Tolstoï story

Lev Nikolaïevitch Tolstoï, l’écrivain ? Léon Tolstoï s’en moque bien ! Il a des soucis plus criants que l’existence d’un homonyme, même russe et célèbre : faire le plein de son autocar, ne pas couler une bielle, éviter de rouler sur un caillou pointu et contourner les contrôles de police…

Faut dire que Léon Tolstoï est né dans le Bronx. L’en tire ni honte ni fierté. Faut bien être né quelque part. L’est râblé, blond comme les blés d’Ukraine d’où vient papa et ceux de la Corn belt d’où maman s’était enfuie (Vas ou tu veux, mais jamais en Iowa, fiston, tu m’entends, jamais !). Avant même d’avoir le permis, il adhère au syndicat des Teamsters. L’en est non plus ni fier ni honteux : faut être syndiqué si on veut conduire un camion plus d’un quart d’heure et s’en sortir indemne.

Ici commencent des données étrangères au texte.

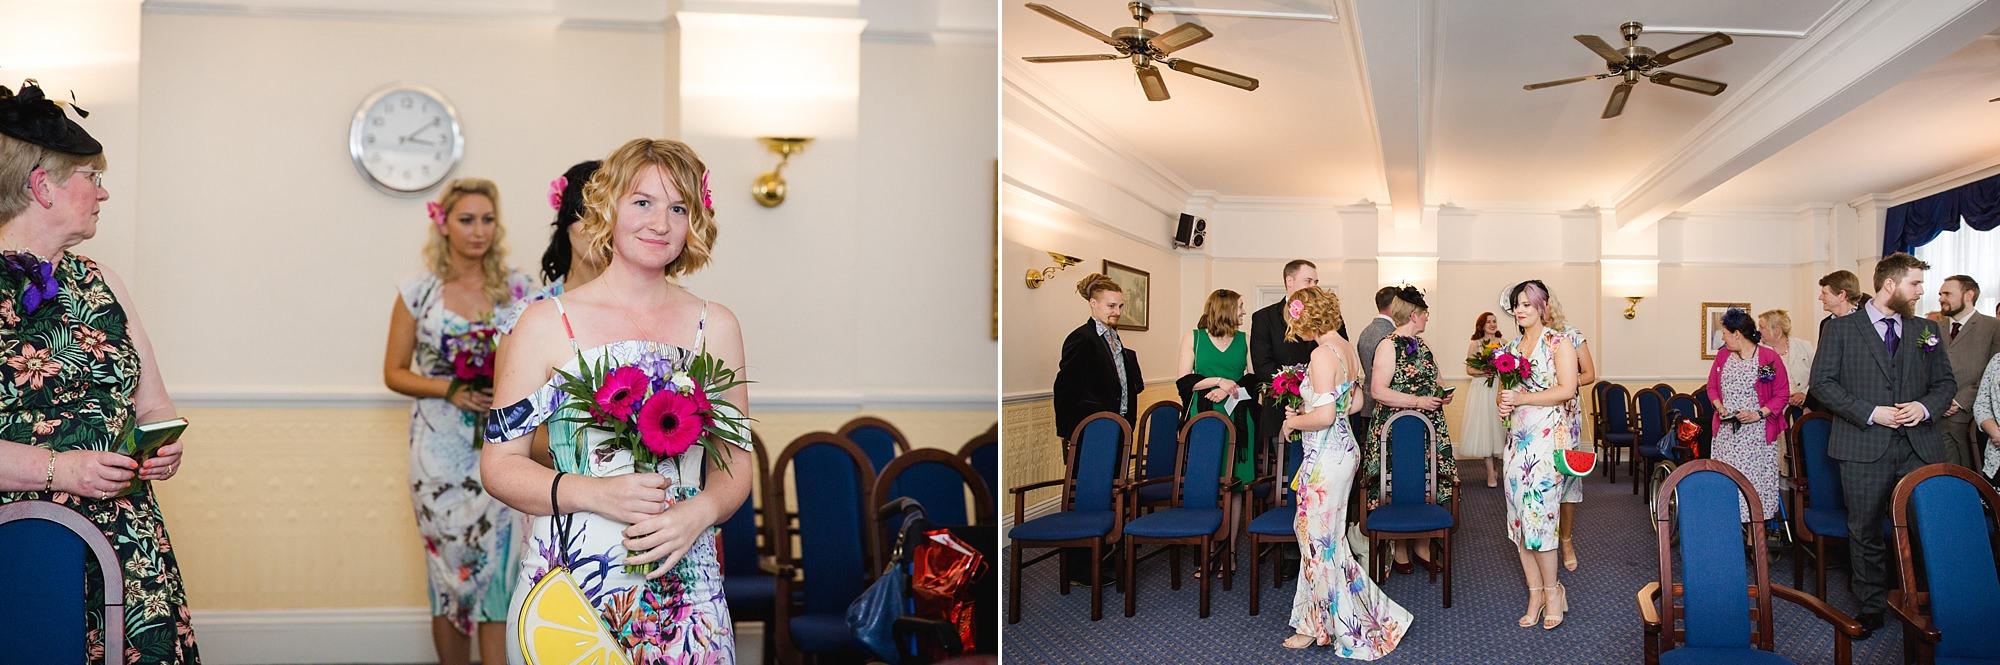 The Grange Ealing wedding bridesmaids walk down the aisle
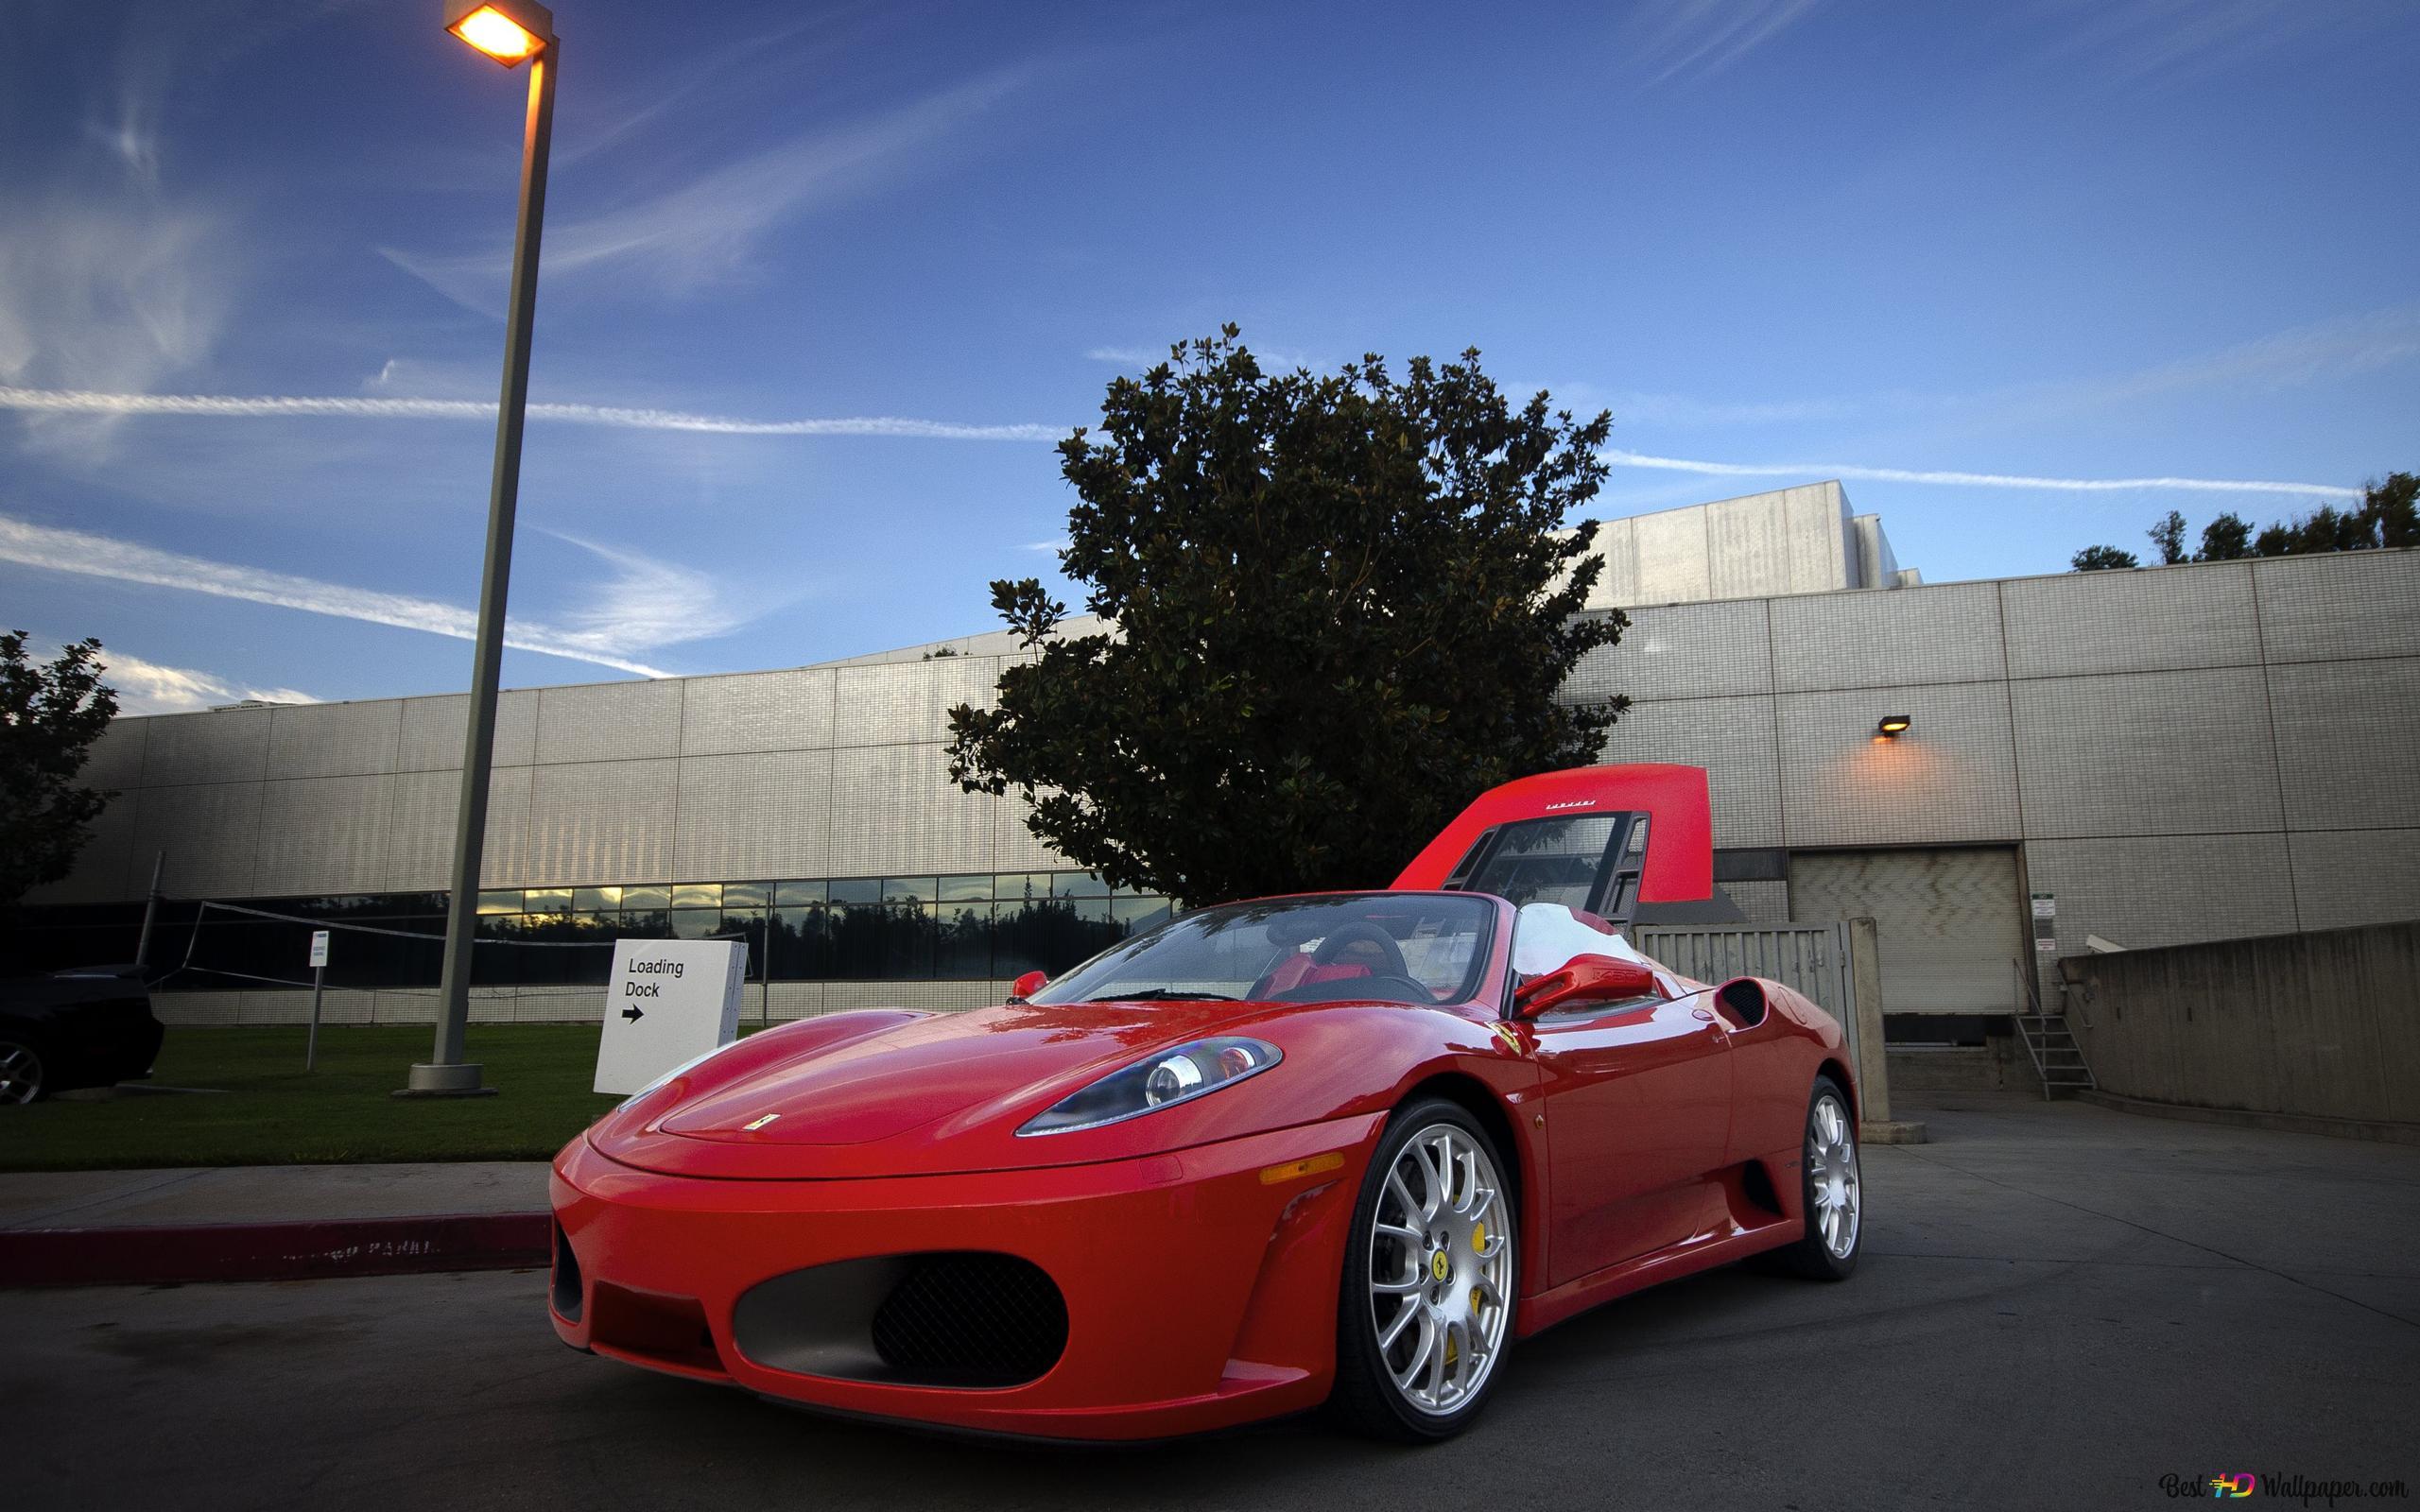 Red Ferrari 458 Hd Wallpaper Download

Vient la guerre. Léon s’engage. Après Pearl Harbor, le patriotisme n’est pas une option négociable. Cantonnement en Angleterre, Débarquement. Versé dans l’Intendance, le Private Toltsoï trafique quelques temps avec les populations locales des marchandises tombées du camion : parachute (en soie), bas-nylon (en nylon) et chewing-gum (en gomme) contre de la gnôle (acide) et des cuisseaux (de bêtes mal identifiables) qu’il revend au mess des officiers. Et puis il rencontre l’amour et déserte.

Voilà pourquoi aujourd’hui, Léon Tolstoï conduit un autocar sur les routes de France. Beau-Papa a fourni la combine et la machine, sans doute déjà bien fatiguée à l’époque des Taxis de la Marne dont il (Beau-Papa) parle et reparle dans sa moustache. La combine, c’est de transbahuter les touristes américains désireux de voir les merveilles de la France, ce tout petit pays plein de fromages et de villages qu’Oncle Sam a sauvé du désastre. Sauf qu’avec la concurrence féroce des tour-opérateurs huppés et les tarifs hoteliers, pas question d’approcher Notre-Dame de Paris ou les châteaux de la Loire. Alors Beau-Papa racole les touristes pingres ou trop fauchés pour les grandes compagnies et on se rabat sur les provinces profondes.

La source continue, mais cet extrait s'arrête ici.